Certains auteurs défendent l’idée d’une « transmatérialisation », processus par lequel
les industries s’adaptent aux nouveaux besoins des sociétés en remplaçant des
matériaux datés par de nouveaux, technologiquement plus avancés. Les matériaux
suivraient effectivement une courbe d’intensité d’utilisation en forme de cloche, mais
ces courbes se seraient pas simultanées, et au contraire se succèderaient et se
remplaceraient dans le temps, formant une série de « vagues » coïncidant avec les
avancées technologiques (Labys et Waddell, 1989).

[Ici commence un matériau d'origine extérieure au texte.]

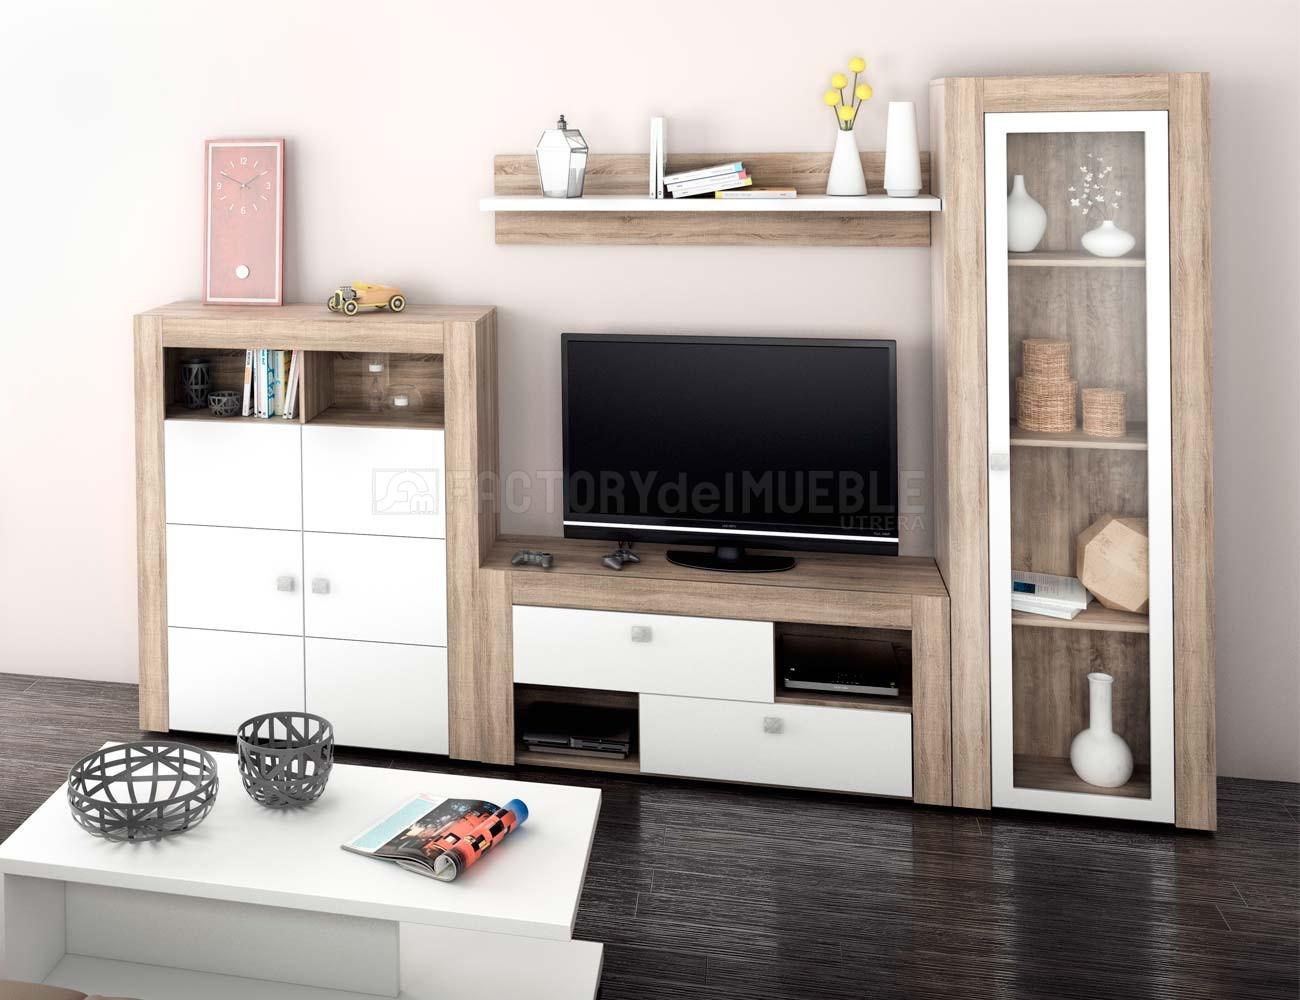 Mueble de salón estilo moderno en cambrian con blanco (22970 ...
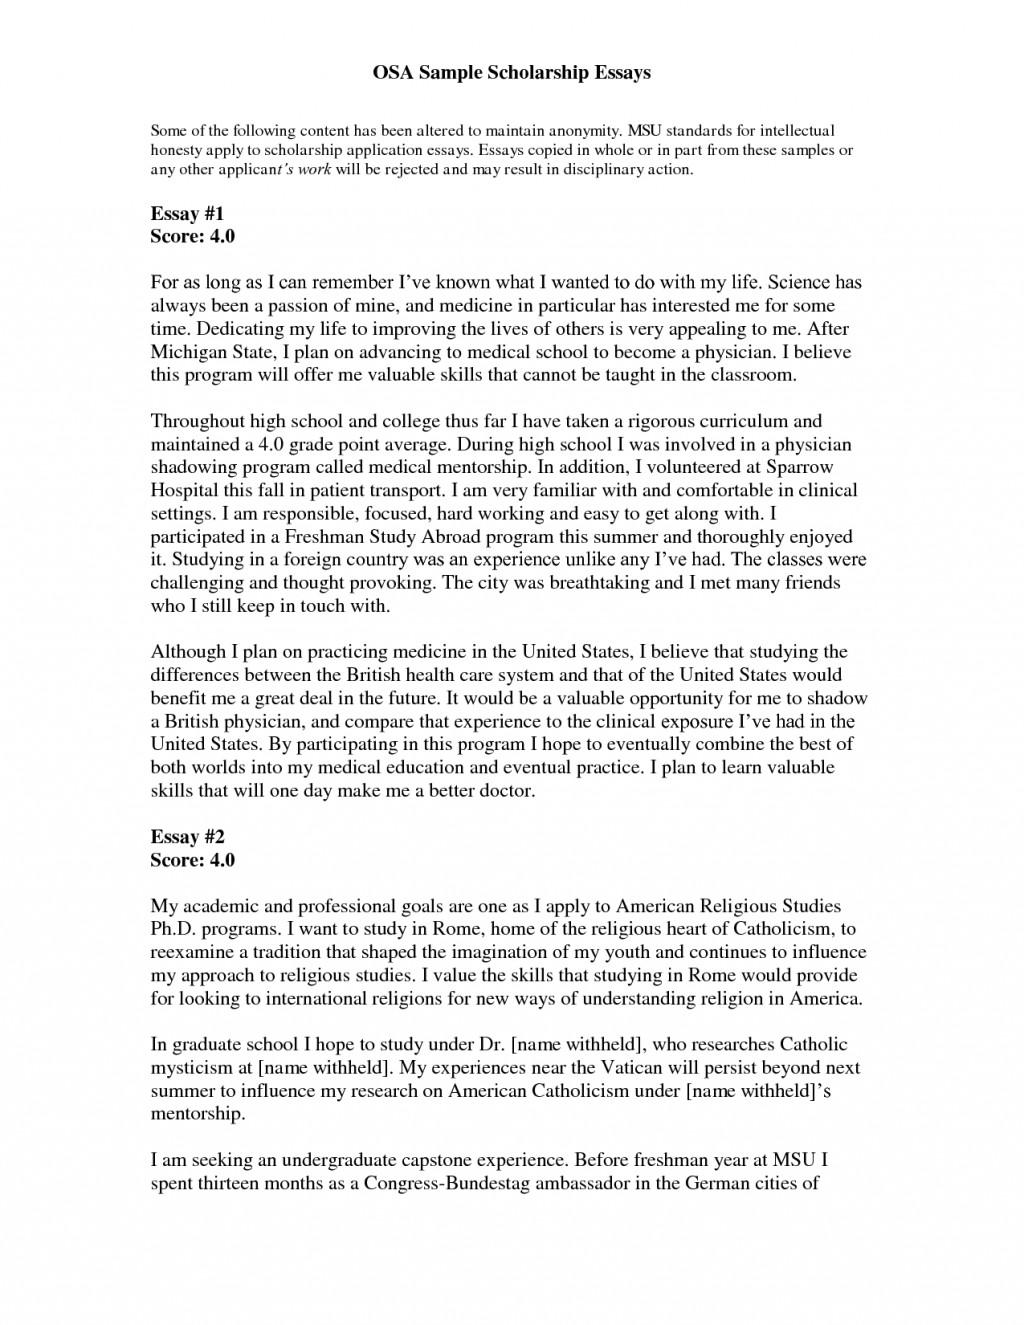 008 Ynt0sledfv Sample Essay For Scholarship Incredible Mara Personal Pdf Large

D’autres auteurs considèrent que, plus que diminuer leur empreinte
environnementale, les pays riches en donnent l’illusion par le biais d’un déplacement
de pollution ; ce qu’Anderson et Lindroth (2001) désignent par « rich country illusion
effect ». Les entreprises des pays de l’OCDE se délestent de plus en plus des activités
manufacturières, de moins en moins cruciales dans la création de valeur économique,
et se concentrent sur les étapes faisant intervenir des activités immatérielles
(recherche, marketing, publicité, etc.) (Lévy et Jouyet, 2006). Ces pays délaissent les
secteurs polluants tels que l’extraction des matières premières et l’industrie lourde, et
en importent les produits des pays moins riches. Ils se spécialisent dans les activités à
faible impact direct, préservant ainsi leur environnement local, et exportent les
dommages environnementaux correspondants à leurs besoins en produits industriels
(Dinda, 2004). Sans compter les imports/exports, le bilan environnemental de ces pays
semble faible, mais c’est oublier qu’une partie des dommages environnementaux
causés dans les pays pauvres le sont directement pour satisfaire les besoins des pays
riches. Se concentrer sur les impacts domestiques mène donc à de mauvaises
conclusions (Schütz et al., 2004). C’est d’ailleurs ce qu’a retenu le Joint Research
Center de la Commission Européenne (2010a) lors de la création d’indicateurs visant à
mesurer un éventuel découplage entre la création de valeur et l’impact de l’économie
européenne. Ces indicateurs ne comptent pas les impacts générés sur le sol européen,
mais ceux dont l’Europe est responsable. Ils prennent donc en compte les imports et
les exports afin de mettre en évidence un éventuel déplacement du fardeau
écologique.
1.4.2. Les apports décevants des TIC
De retour dans un périmètre d’analyse plus restreint, examinons la question des
rapports entre TIC et dématérialisation, dont nous avons soulevé plus tôt la
complexité. Cette question est l’objet d’un débat animé dans la littérature depuis plus
de dix ans, et semble mobiliser de nombreux auteurs – en témoigne par exemple la
publication récente d’une édition spéciale du Journal of Industrial Ecology sur ce
thème
31. Nombreuses sont les études à avoir entrepris de mesurer conjointement les
avantages et inconvénients des TIC, afin de déterminer si, oui ou non, ils participent à
un mouvement de dématérialisation. Ces études couvrent un éventail de périmètres
allant du simple cas d’application au secteur des TIC dans son ensemble. Parmi les
31
Journal of Industrial Ecology, Special Issue: Environmental Applications of Information & Communication Technology, Volume 14, Issue 5, pp. 685–862, October 2010.